Francis Goffin, Monsieur Radio
Des radios pirates au premiers réseaux privés, avec RFM puis Bel RTL, celui qui a mis en œuvre le redéploiement des radios de la RTBF aura été de tous les combats sur les ondes. De par l'ouverture à l'international que lui ont permise ses fonctions de Directeur Général de la Radio à Reyers – il assure actuellement la présidence des Radios Publiques Francophone et siège dans le Comité Radio de l'UER – il a pu observer l'évolution du média à l'étranger. Et de s'atteler à la prochaine révolution radiophonique avec le passage au numérique, en saine concertation avec les réseaux privées. Un drôle de destin pour cet ingénieur agronome de formation, destin qui aura basculé à l'occasion de la première édition des Six Heures Brouettes de Gembloux.
Comment un ingénieur agronome finit-il patron des radios de la RTBF?

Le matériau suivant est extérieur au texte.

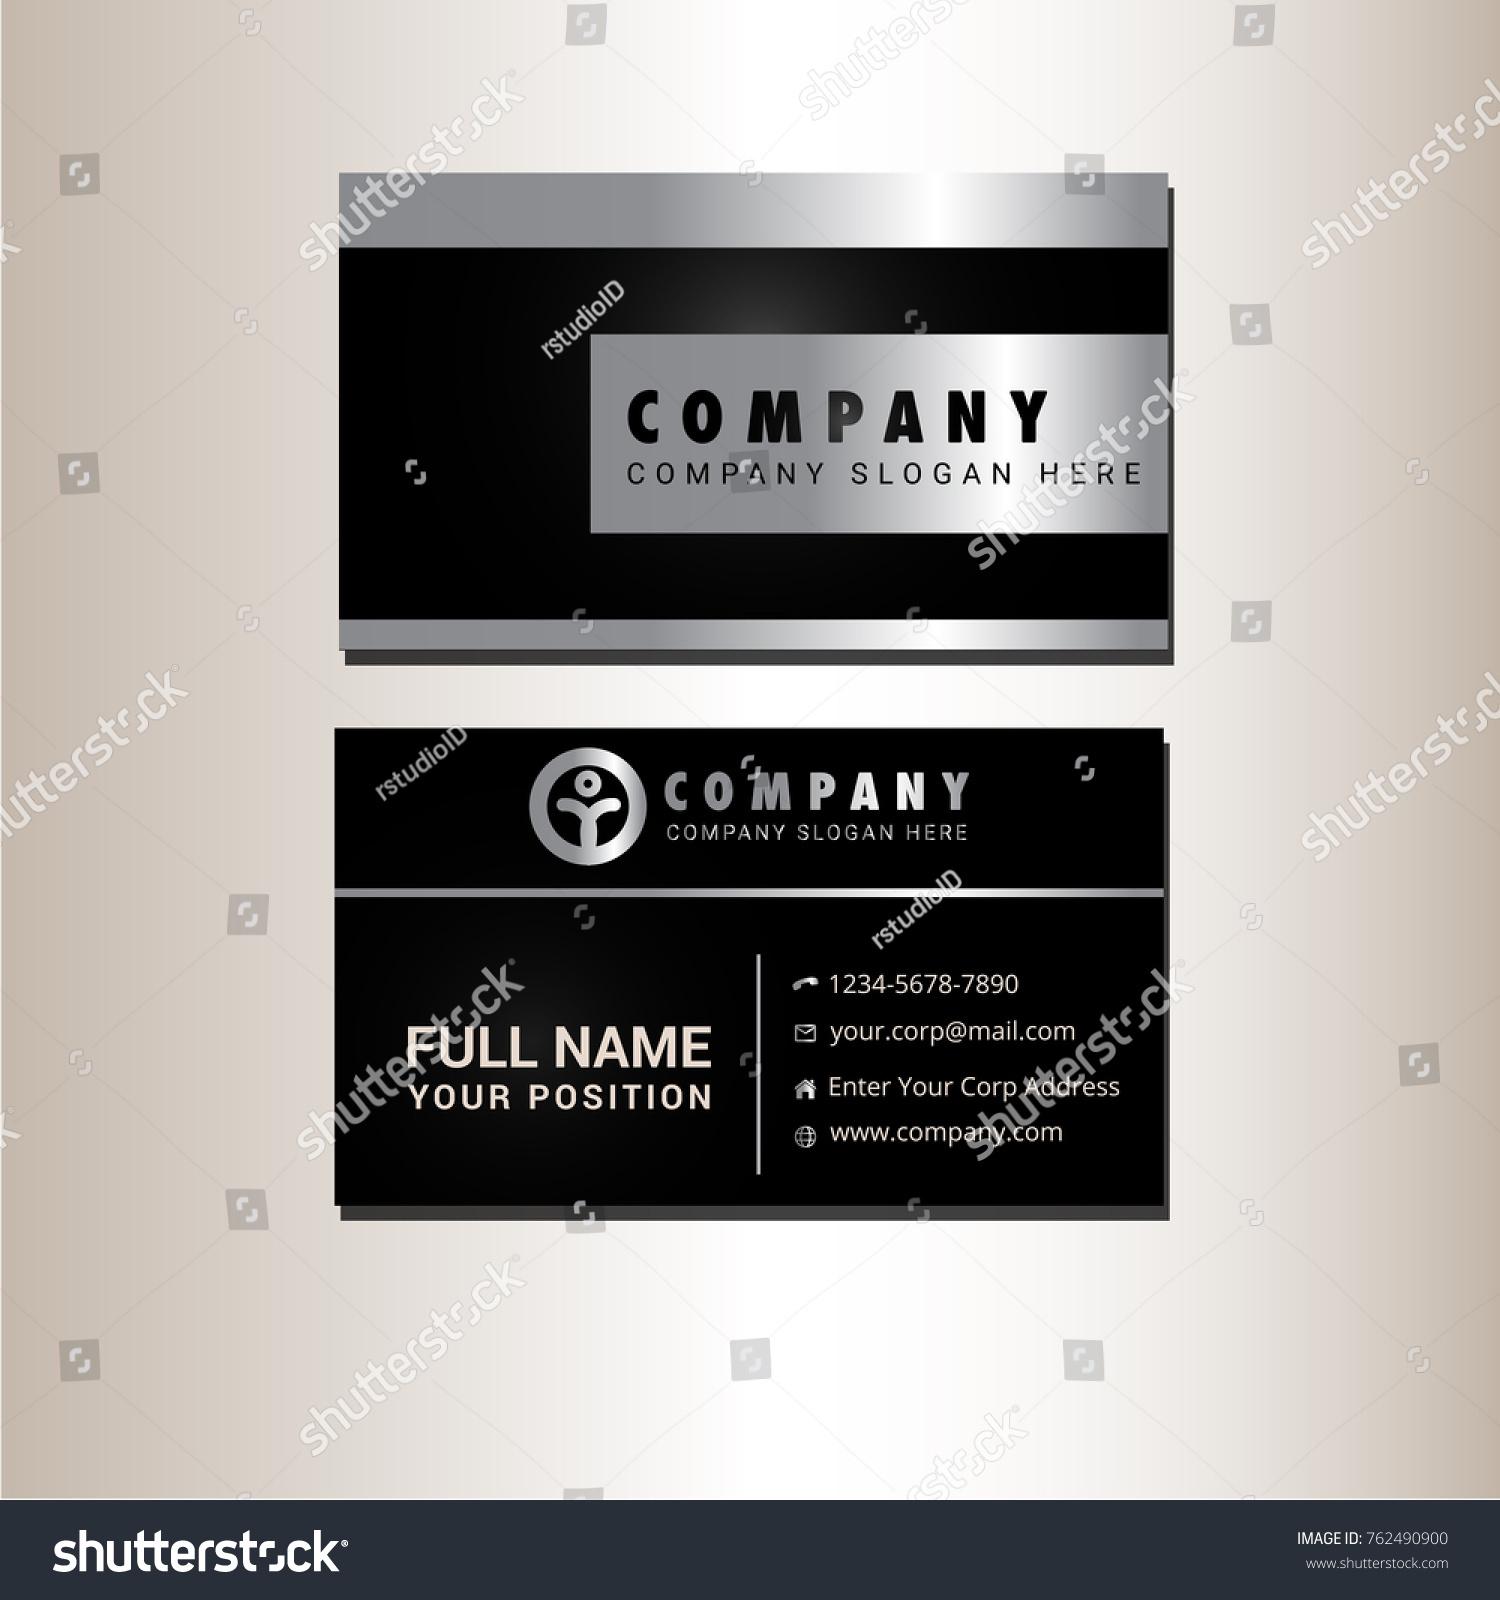 Black Silver Business Card Vector Stock Vector 762490900 - Shutterstock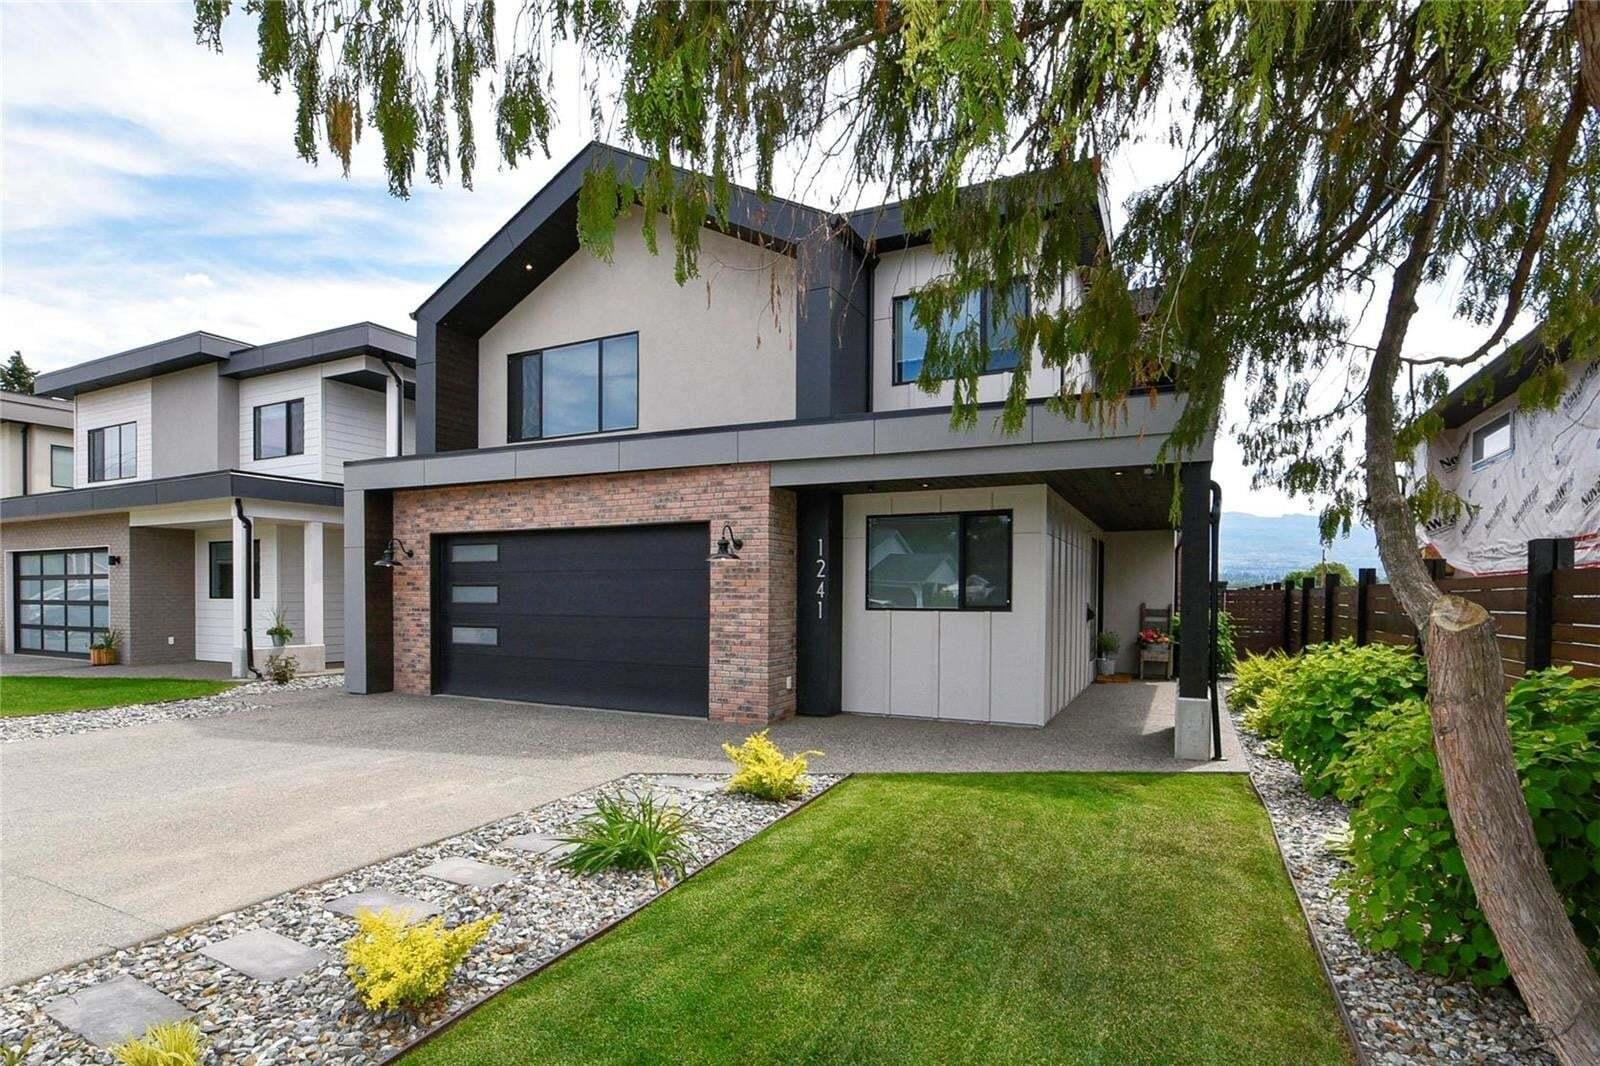 House for sale at 1241 Ladner Rd Kelowna British Columbia - MLS: 10200869

Mais c'est toujours dans la culture! (rires). L'histoire veut que je commence mes études dans les années 70, et qu'à ce moment-là, je n'étais pas du tout intéressé par la radio. Hormis en tant qu'auditeur. Par contre, depuis l'athénée, j'organisais des soirées dansantes, chose que j'ai continué à faire à l’unif à Gembloux... Il se fait que l'association des étudiants avait décidé de lancer les Six Heures de Brouettes, histoire de ne pas se laisser distancer par les 24 Heures vélo de Louvain-La-Neuve. C’était l’époque de l’explosion des radios libres et on a voulu faire la promo de l'événement sur Radio Six Vallées (à Corbais). Une fois sur place, on s'est rendu compte que le matériel utilisé pour la sono était le même, hormis que nous ne disposions pas d'un émetteur. L'animateur nous a indiqué où nous pourrions en trouver un, sous le manteau, pour 50.000 francs. Nous avons donc organisé une soirée pour financer le démarrage de notre propre radio pirate fin 1980. Radio Galène était née.
Ce qui n'était qu'une radio d'étudiants au départ et qui deviendra Bel RTL...
Ce n'était pas seulement une radio d'étudiants. J'avais dans l'idée de l'ouvrir aux habitants de Gembloux. J'étais en première année d'ingénieur à l'époque. Et je me suis écarté de mes études pendant deux ans, pour m'y consacrer. Il m'est même arrivé de remplir les trous de la grille, notamment le matin. Je partais à 4h00 de chez moi, mes disques sous le bras. J'écoutais les infos de la RTB que je replaçais ensuite à l'antenne... Jusqu'au jour où mes parents ont décidé de me couper les vivres si je ne reprenais pas mes études. Chose que j'ai faite en abandonnant la radio pendant un peu plus d'un an. Mais j'ai quand même réussi à faire un travail de fin d’études sur le vidéotexte appliqué à l'agriculture (rires)... Dans ma dernière année, je suis revenu à la radio, dans l'objectif d'essayer de professionnaliser un peu tout ça, notamment au niveau de la pub et de l'info. On s'est appelé RGN pour Radio Galène News, et on a conclu un deal avec SIS, drivée par Jean-Jacques Deleeuw (ndlr, actuellement responsable New Media chez RTL) et Philippe L’Homme à l'époque: pour 30.000 francs belges chaque mois, on avait le droit de diffuser leurs infos toutes les heures. Ça a bien fonctionné un temps, mais Gembloux n'était pas grand et les possibilités commerciales se sont rapidement épuisées. On est allé à Louvain-La-Neuve et on a démarré RGN Brabant Wallon en 1985. Un succès total.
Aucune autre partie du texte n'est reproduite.